### What you are asked to do
Word for word, reproduce each line of the data below, omitting every image.

### Dataset excerpt
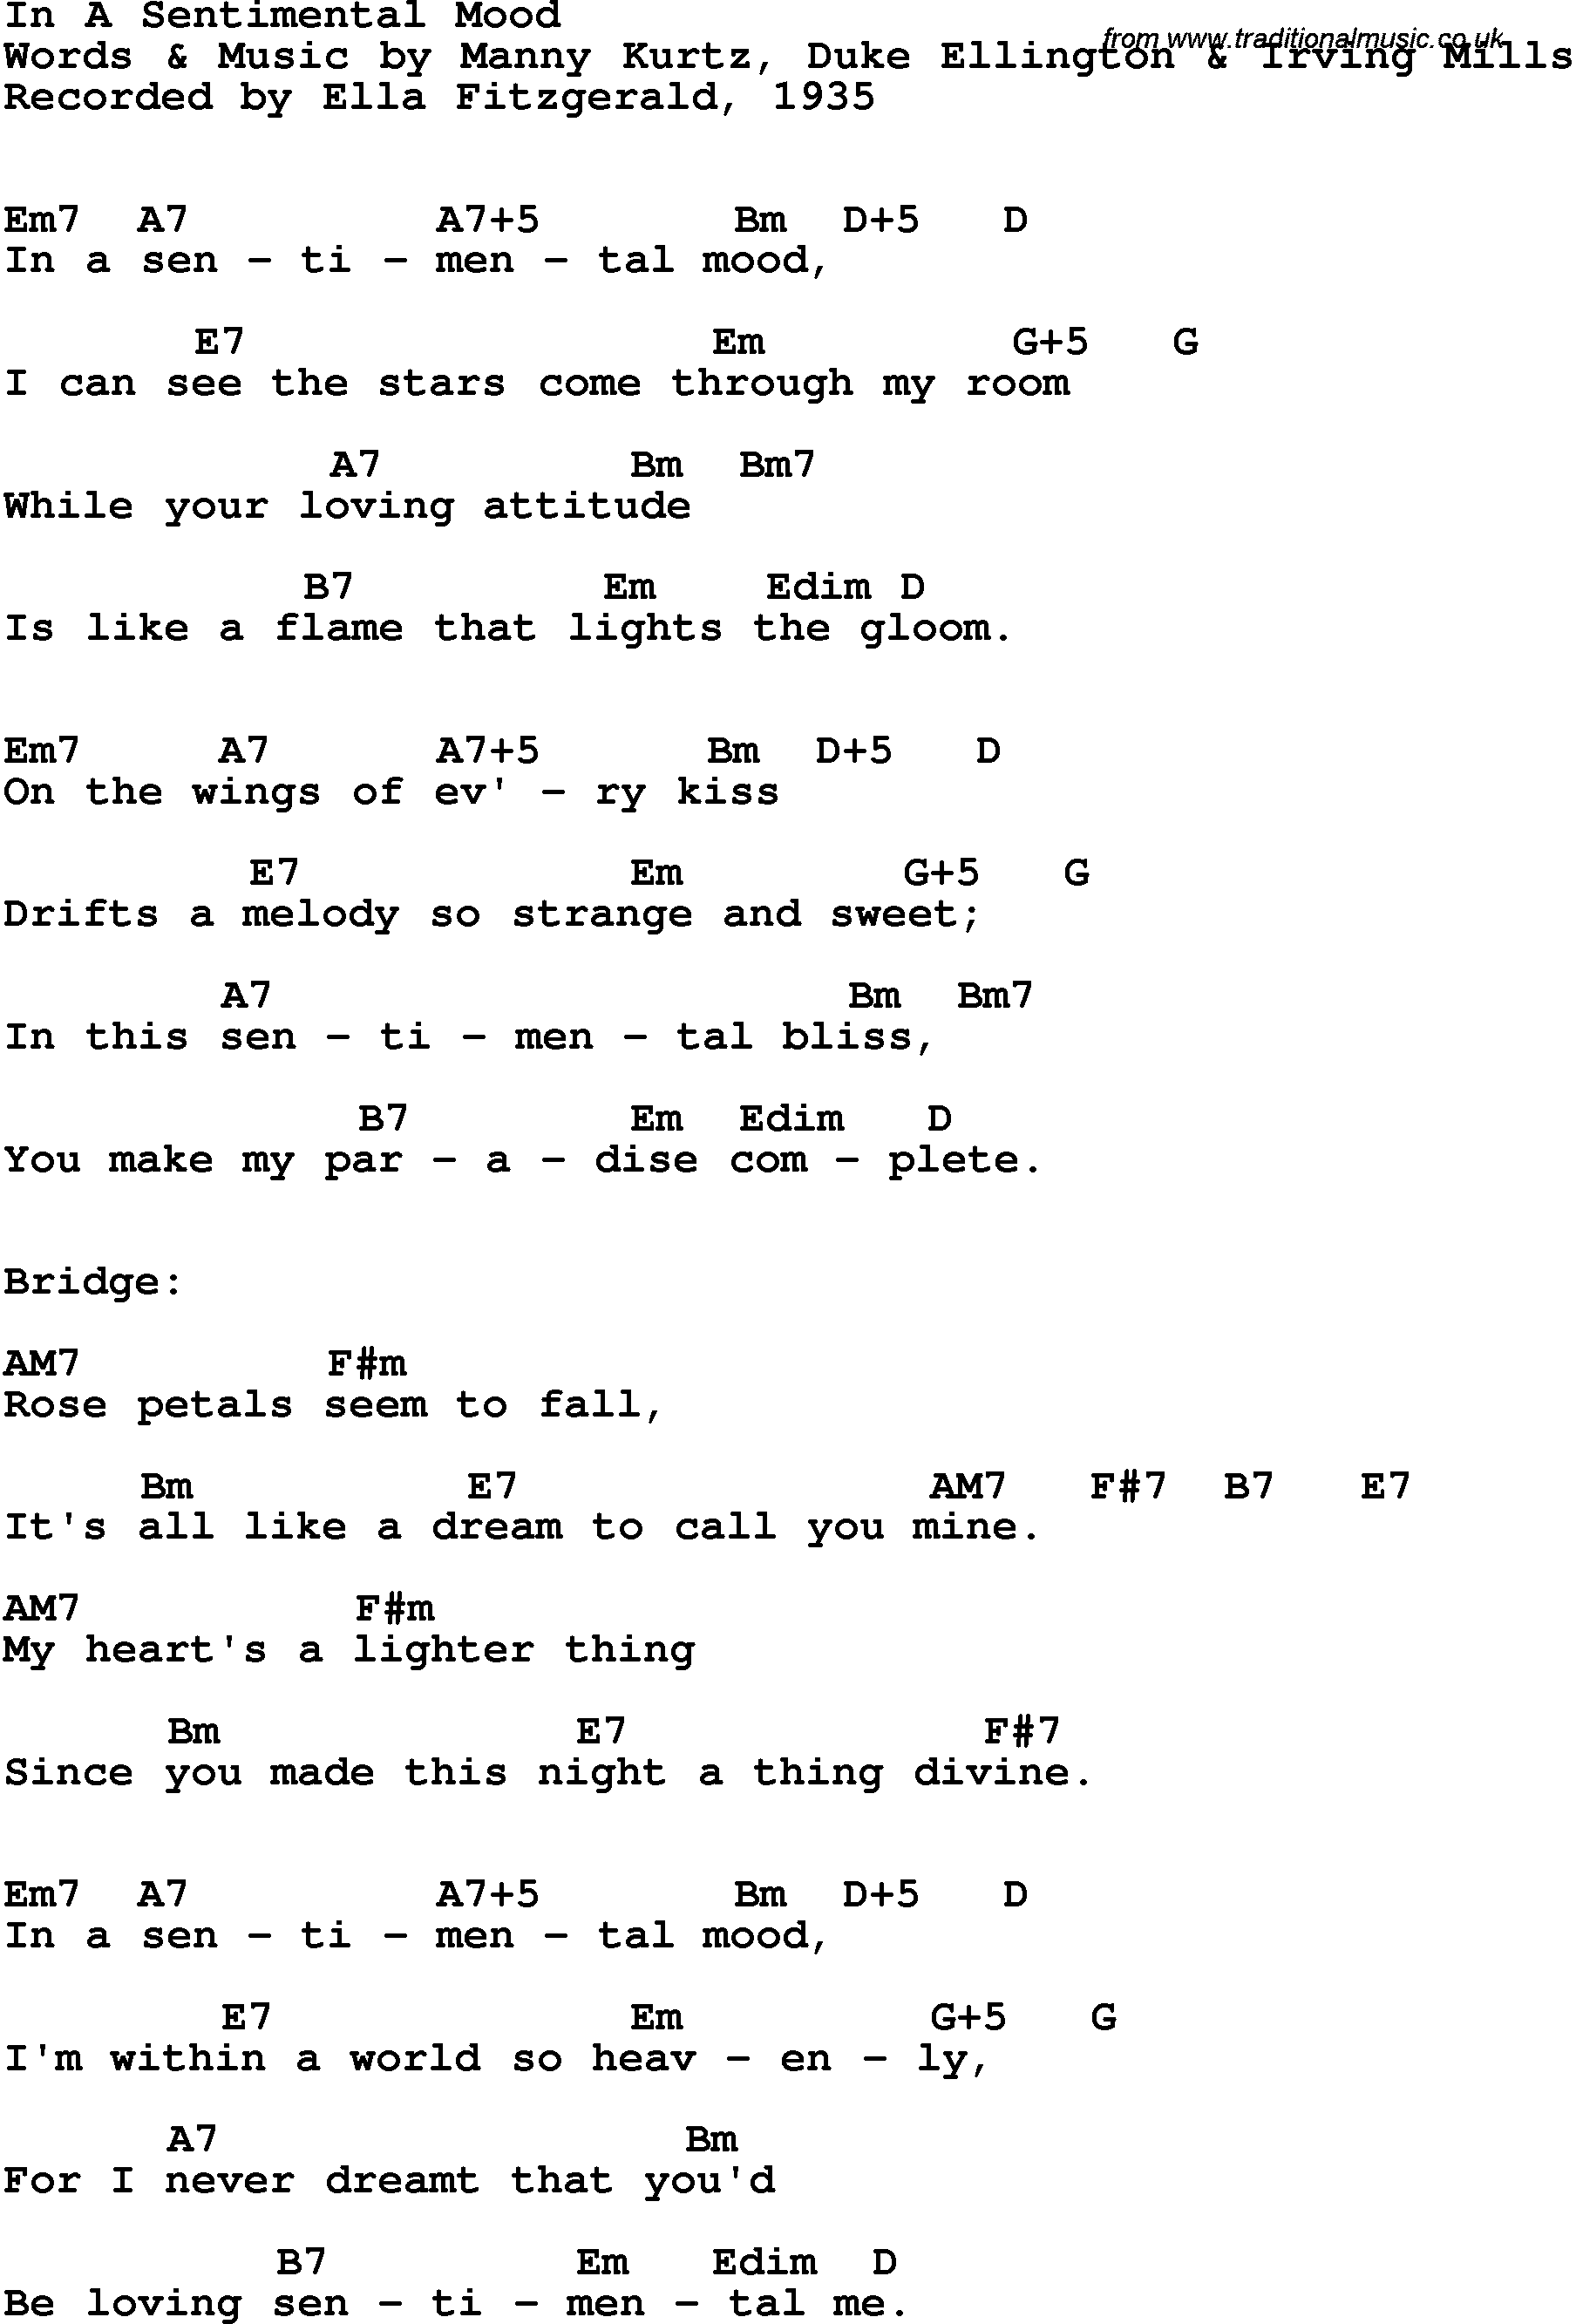 Song Lyrics with guitar chords for In A Sentimental Mood - Ella Fitzgerald, 1935
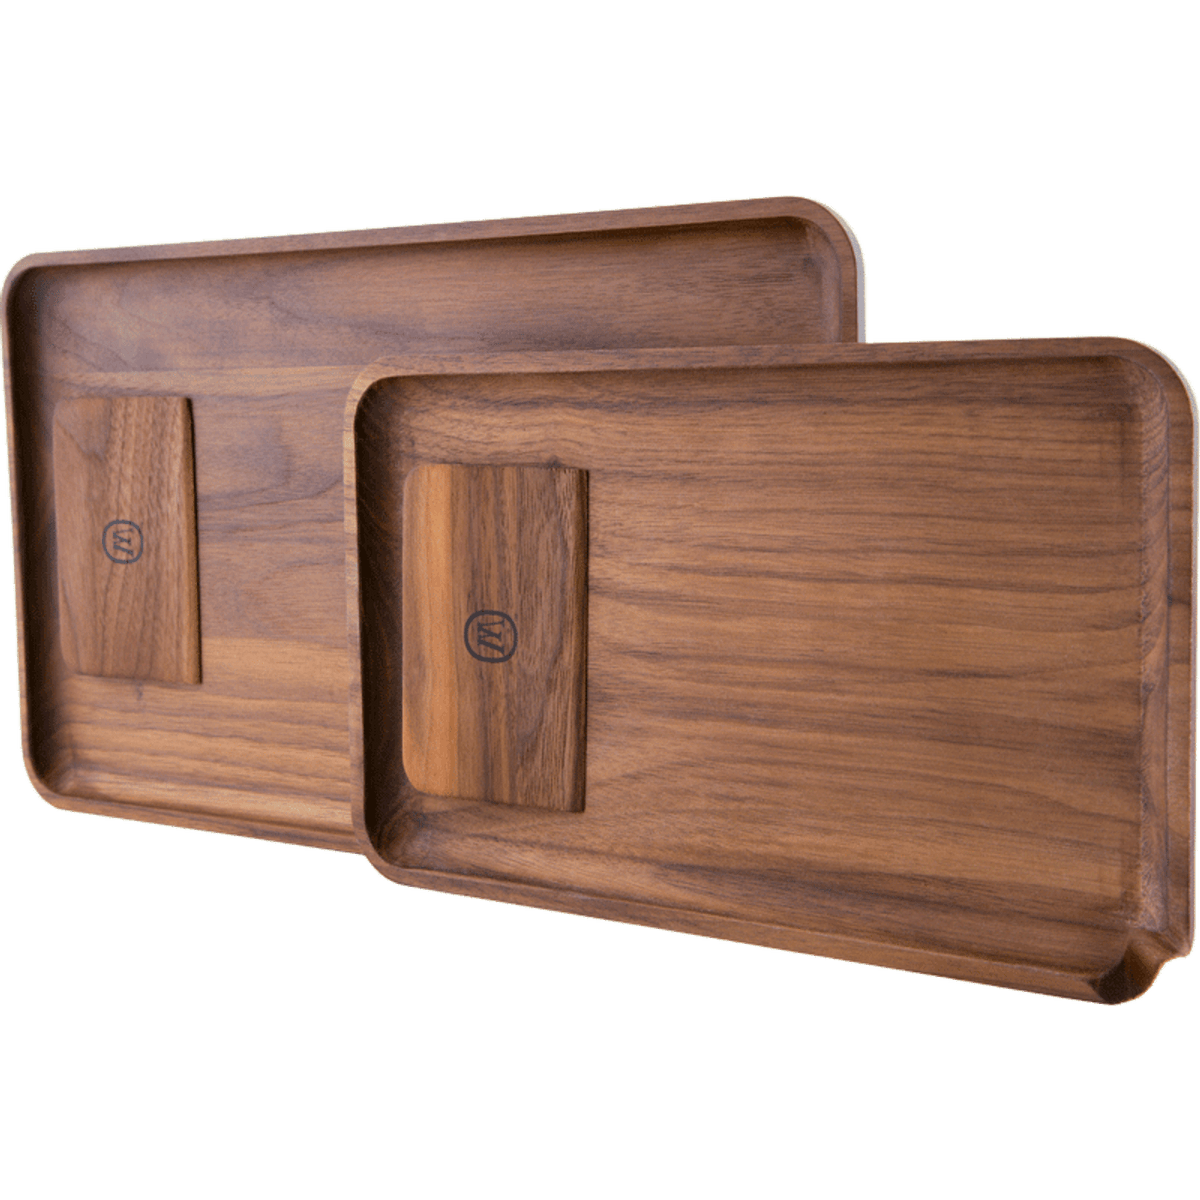 Wooden Rolling Tray by Marley Natural Marley Natural
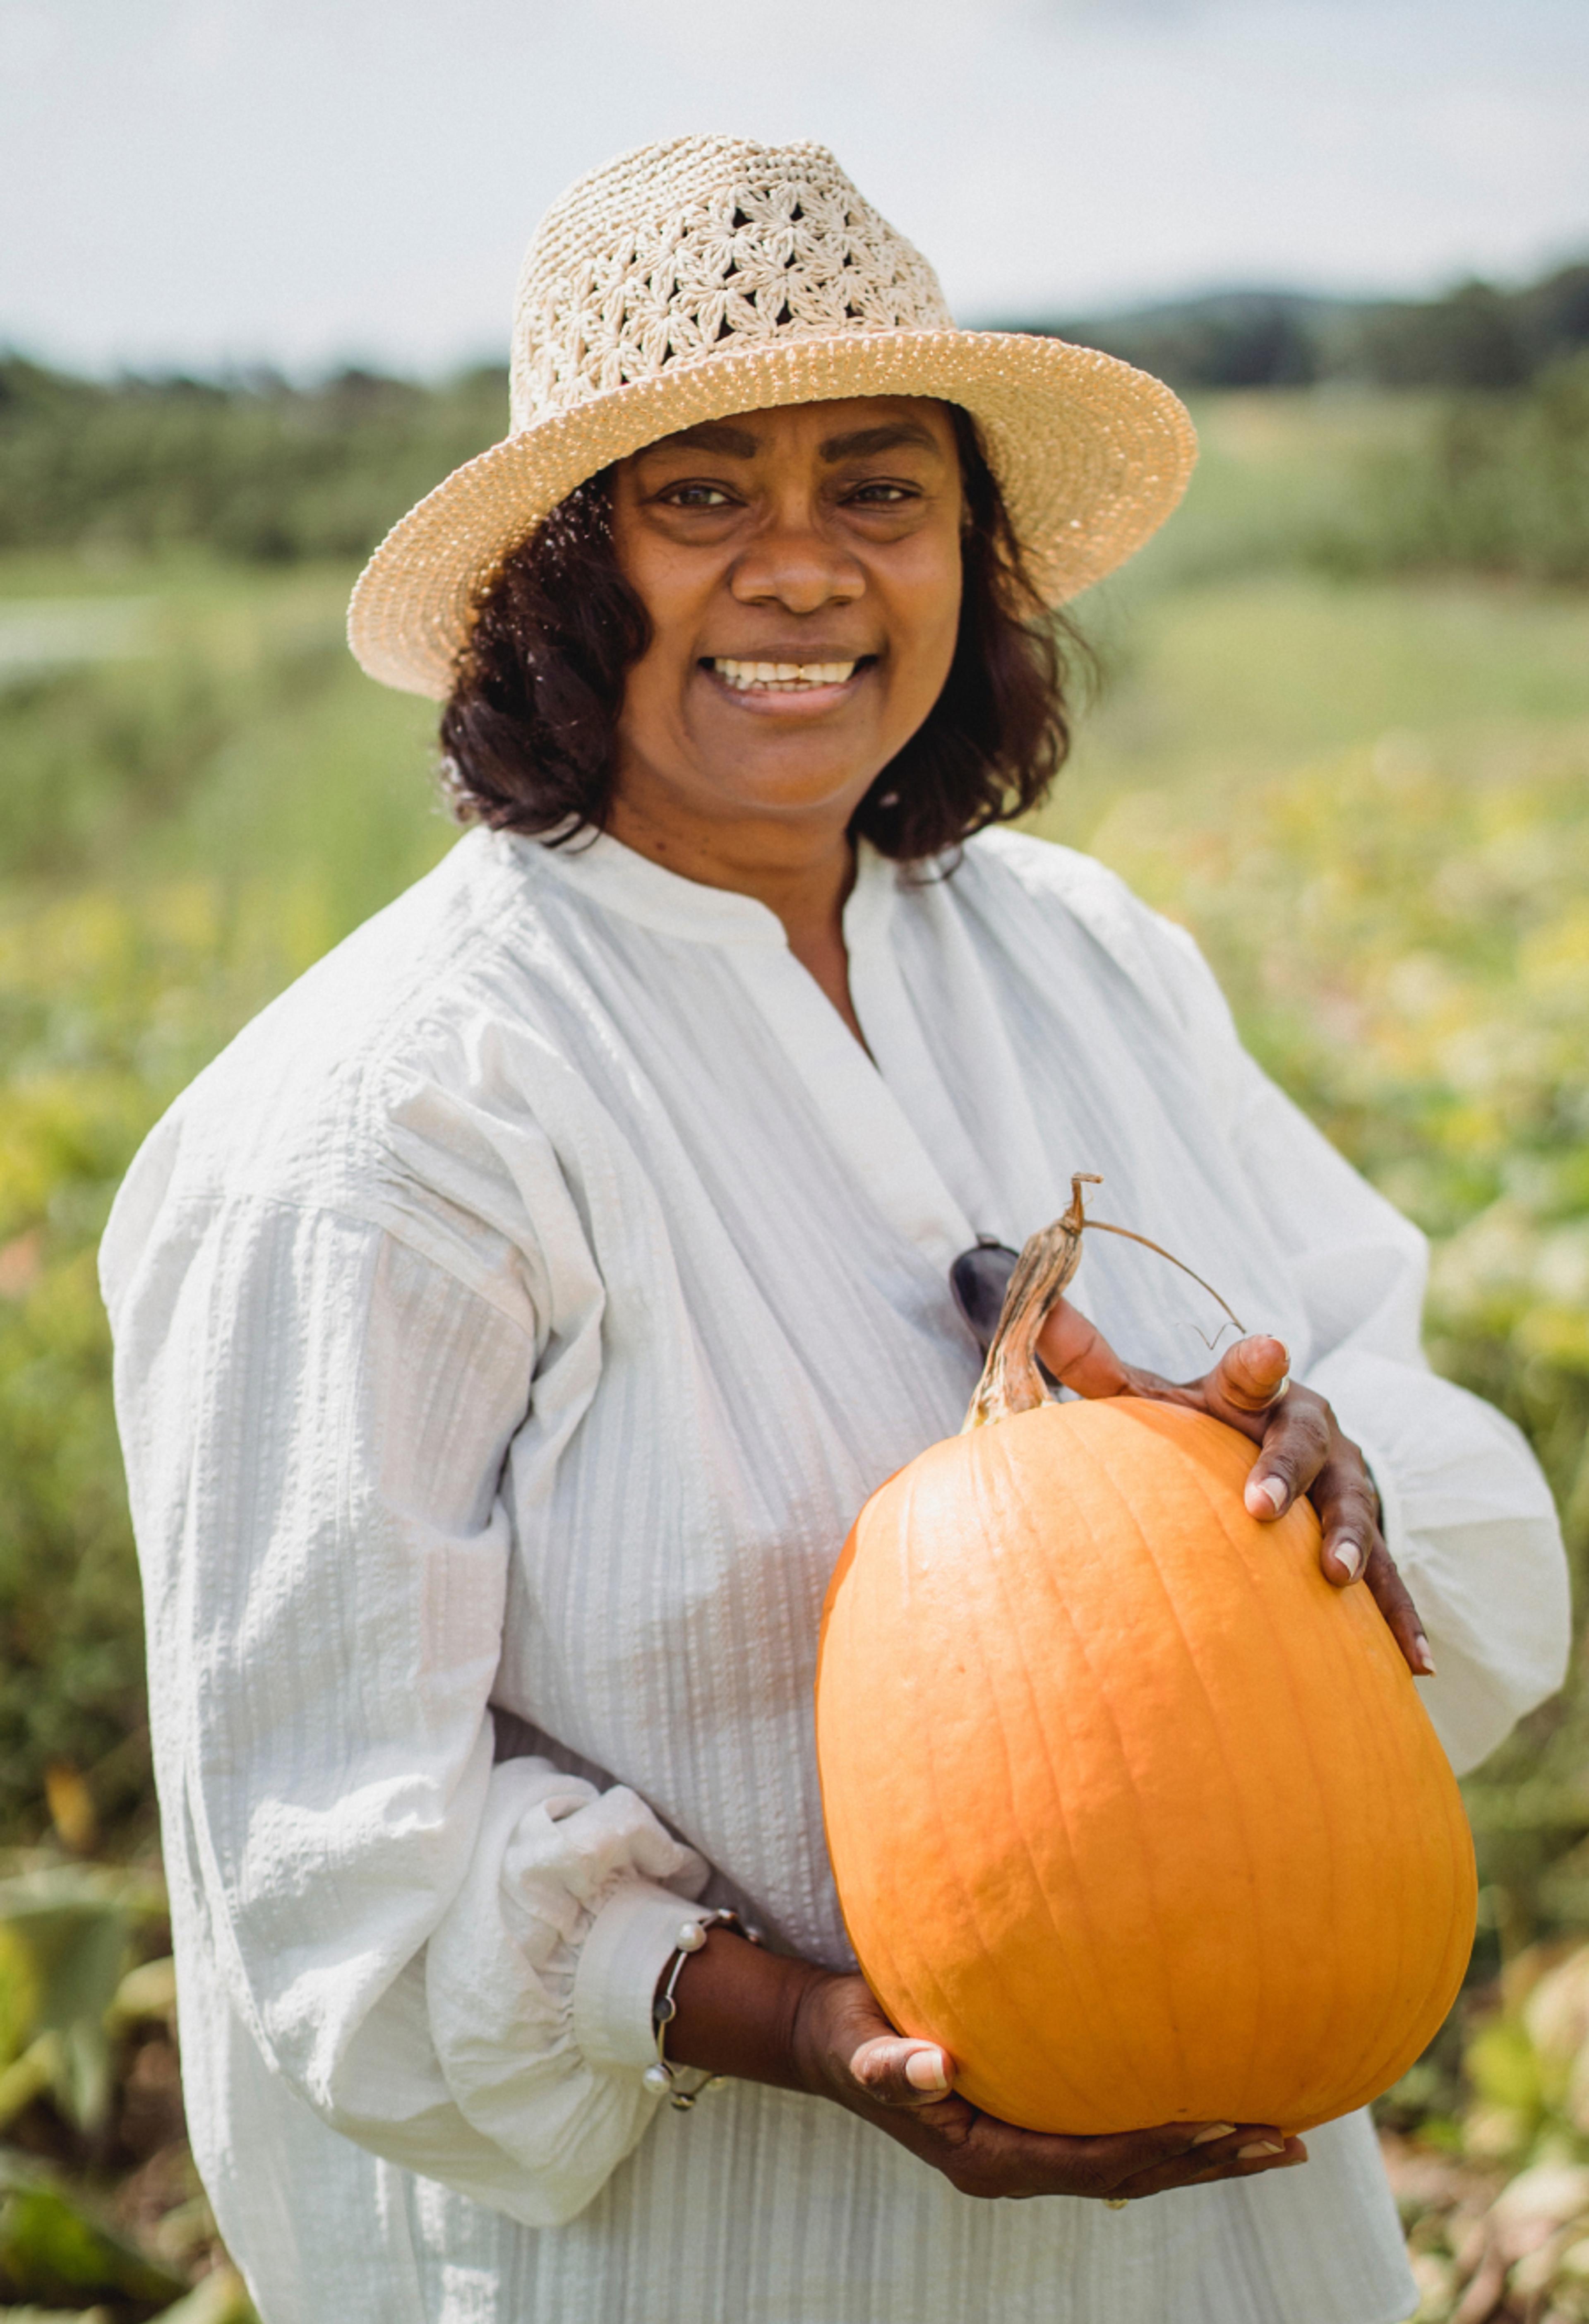 A person with a hat in a field, holding a very large pumpkin.

### Response
 Song Lyrics with guitar chords for In A Sentimental Mood - Ella Fitzgerald, 1935
 Wooden Rolling Tray by Marley Natural Marley Natural
 A person with a hat in a field, holding a very large pumpkin.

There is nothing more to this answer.